→ Task directions:
Copy the listing exactly, images excluded.

→ Supplied information:
= = = = =

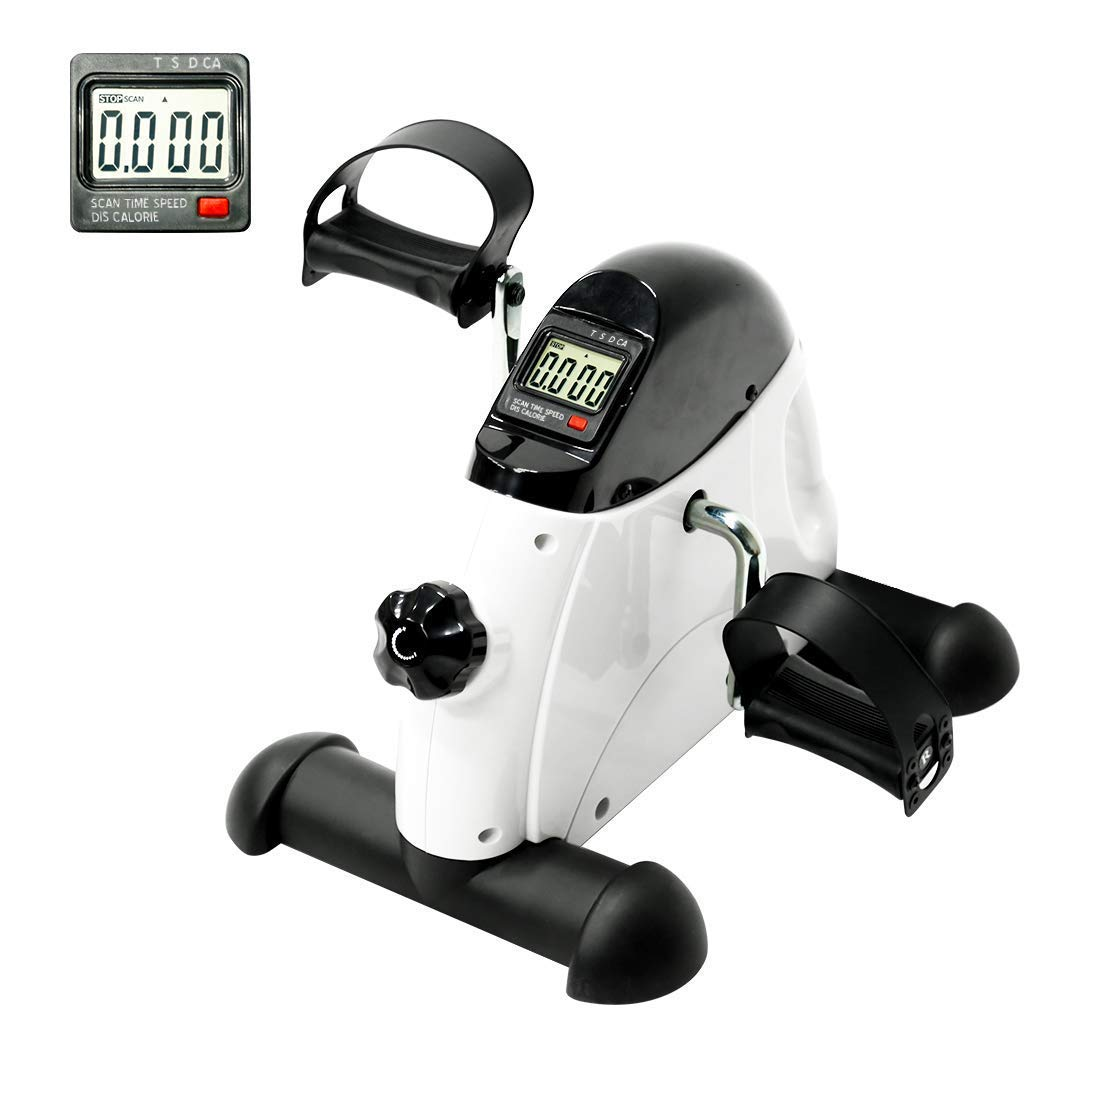 YOSUDA Under Desk Bike Pedal Exerciser - Mini Cycle Exercise Bike for Leg/Arm Pedder Portable
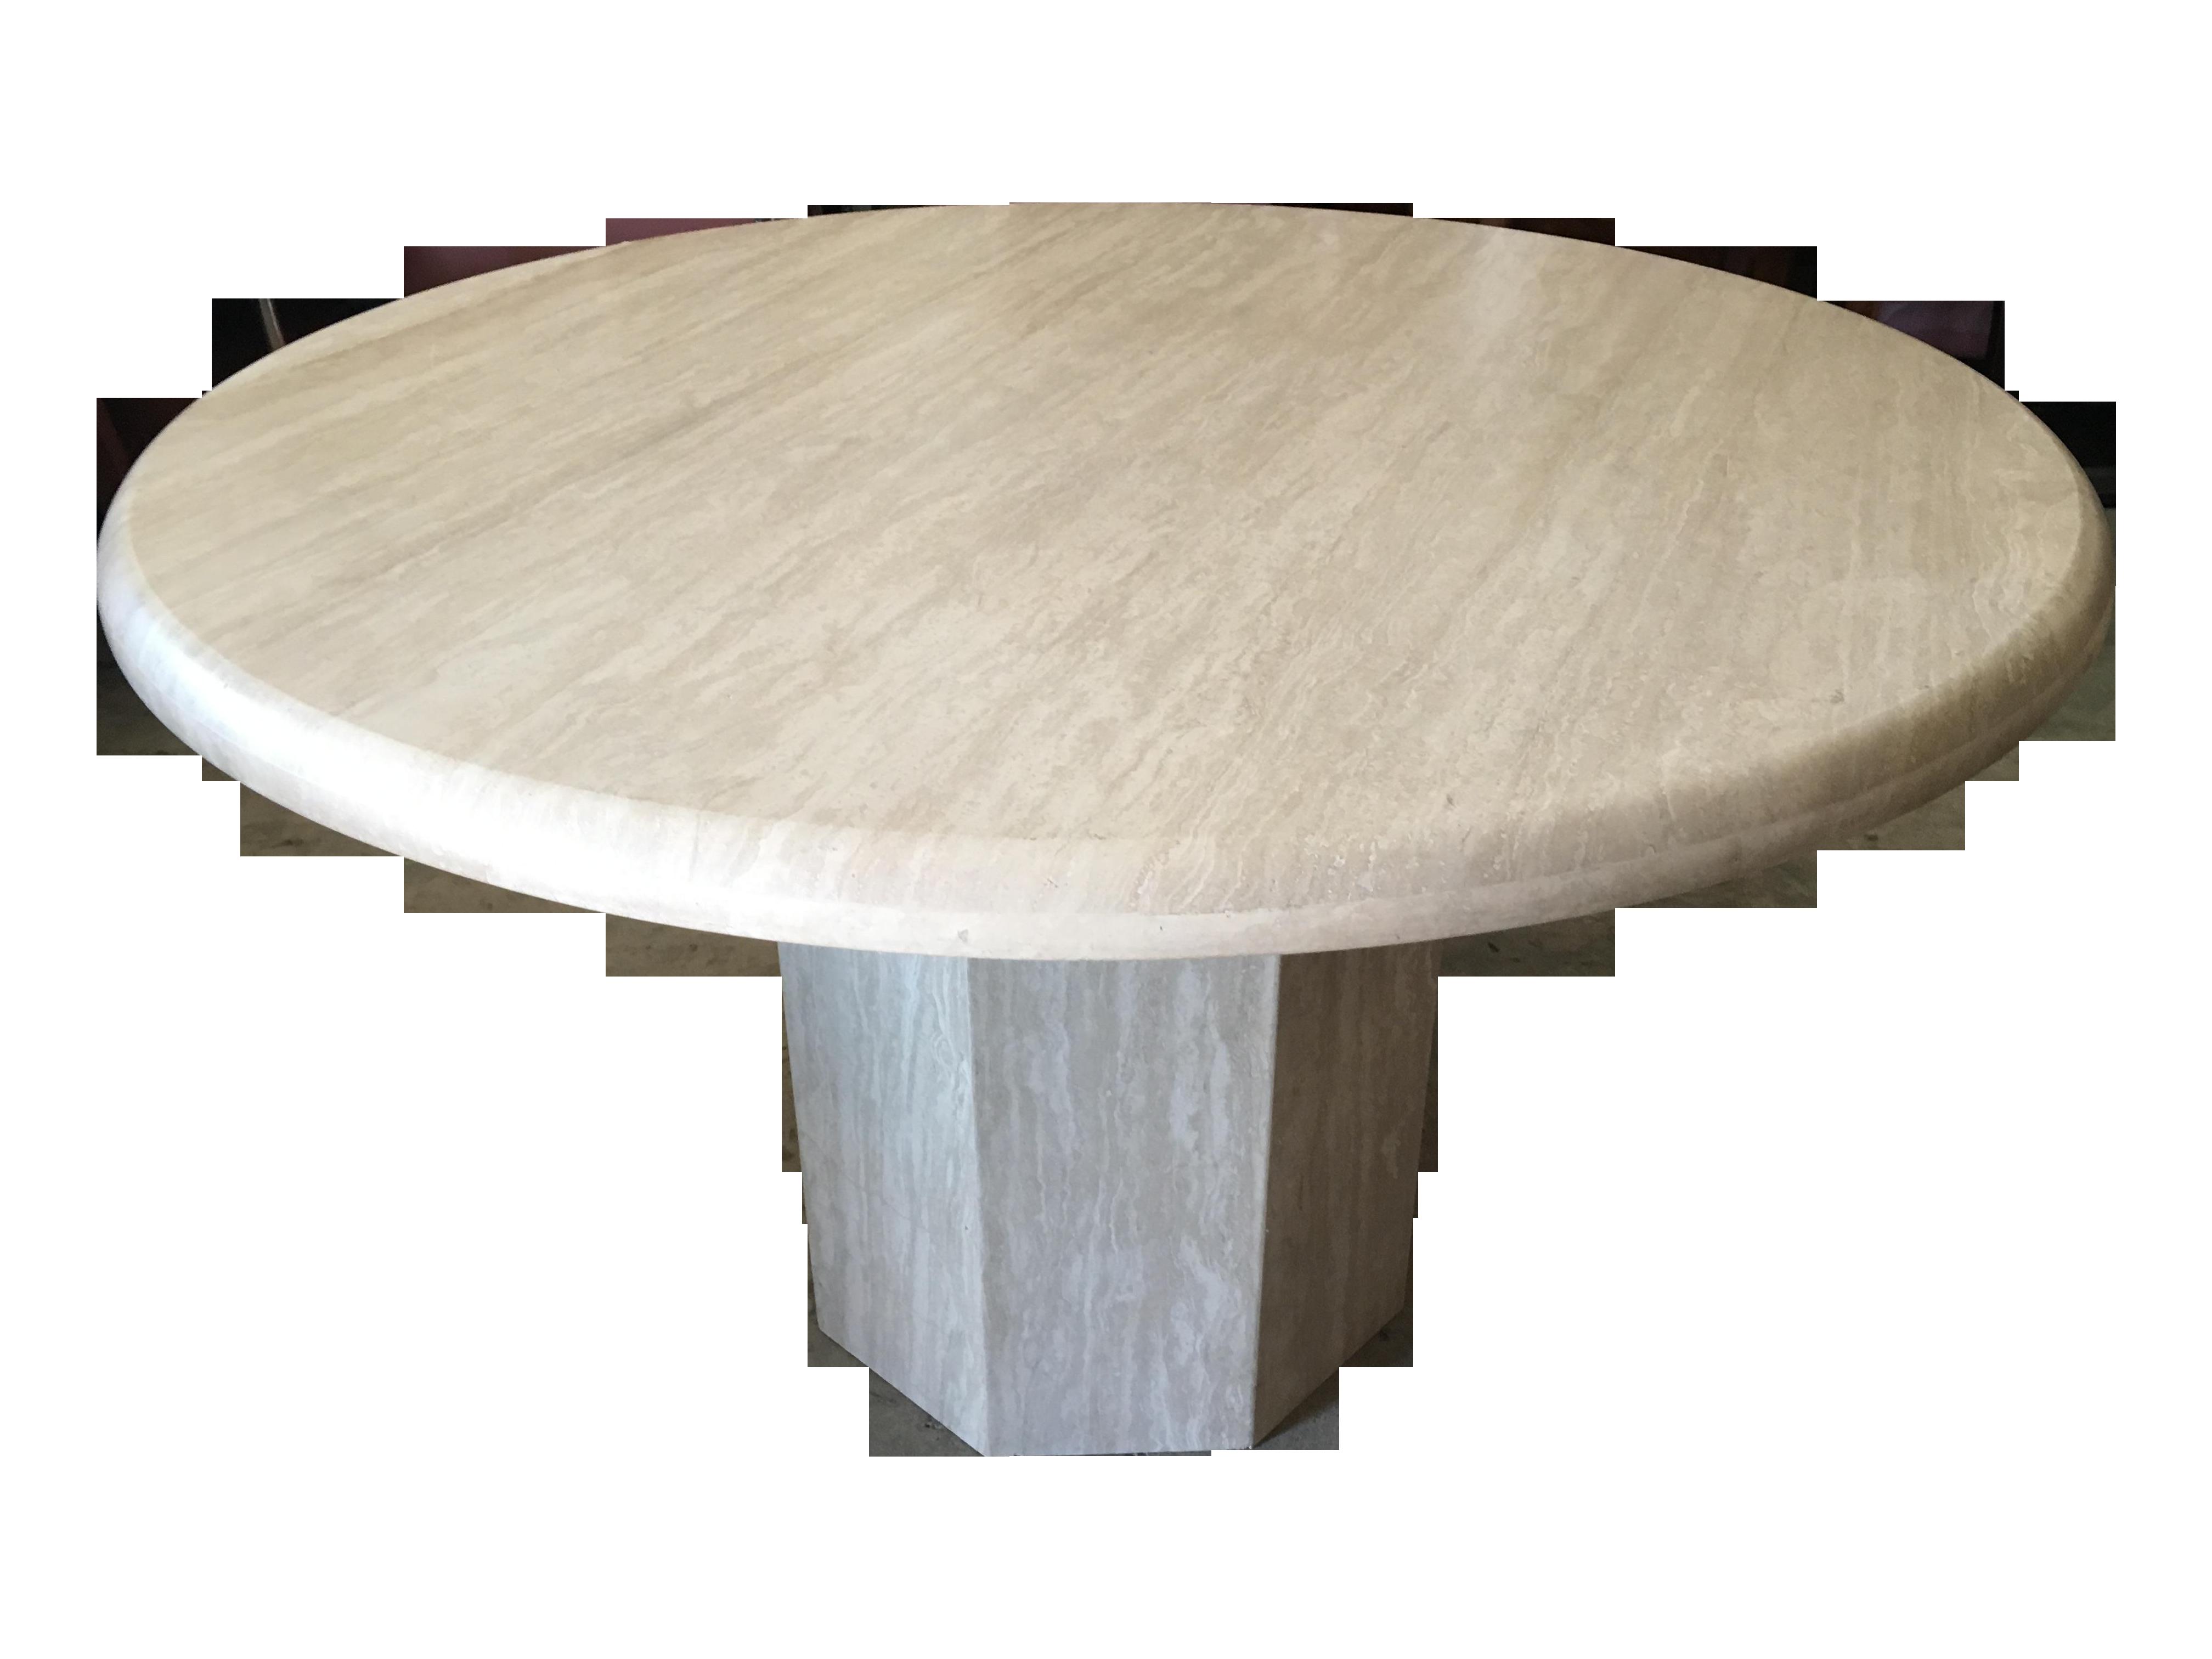 Round Italian Solid Travertine Dining Table Chairish
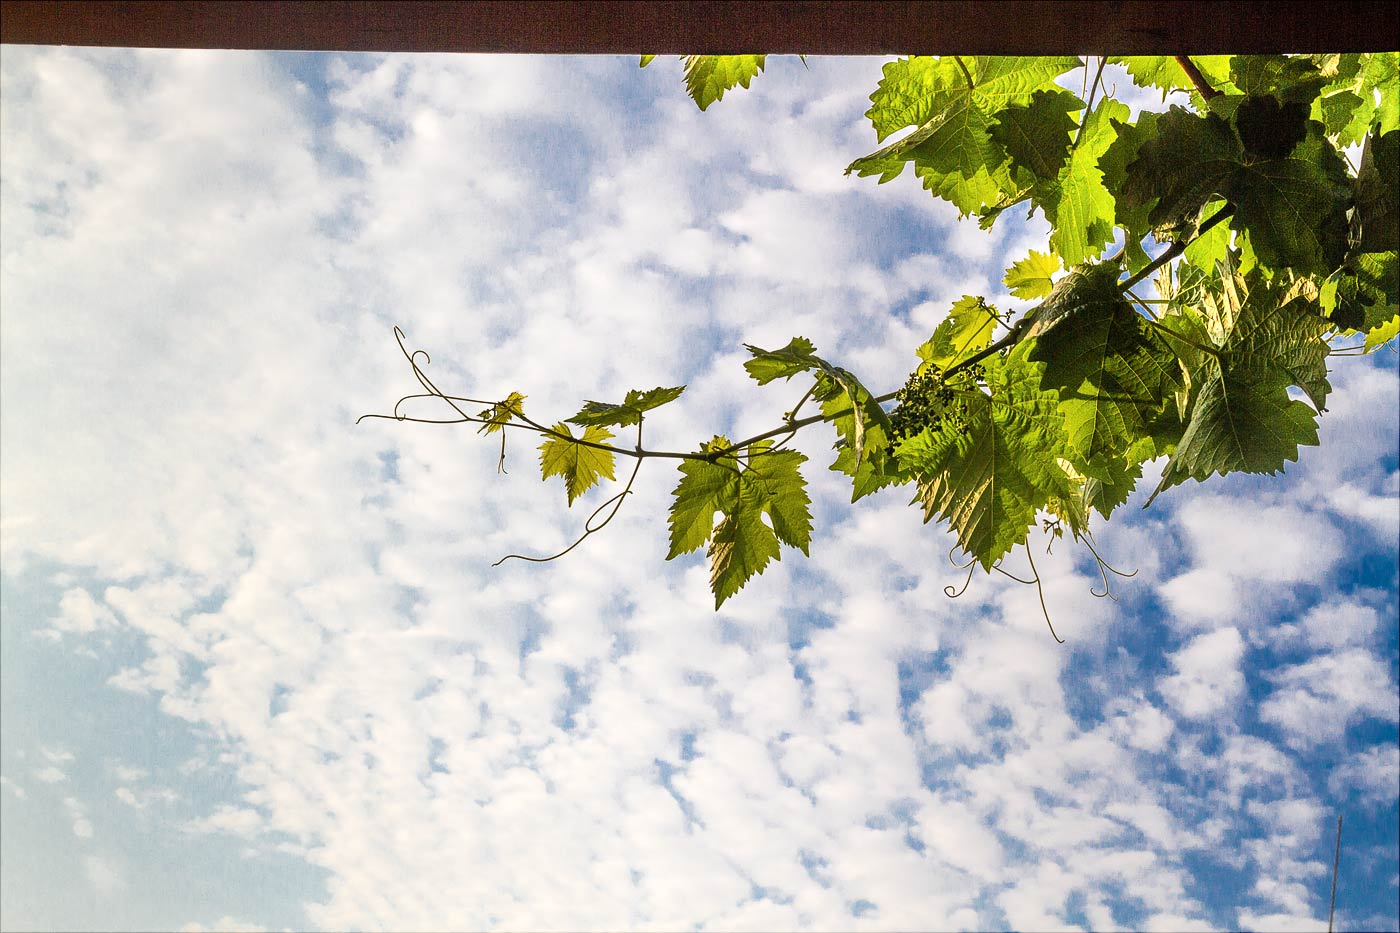 Утренний вид в балконном окне

= = = = =

→ Answer section:
 YOSUDA Under Desk Bike Pedal Exerciser - Mini Cycle Exercise Bike for Leg/Arm Pedder Portable
 Round Italian Solid Travertine Dining Table Chairish
 Утренний вид в балконном окне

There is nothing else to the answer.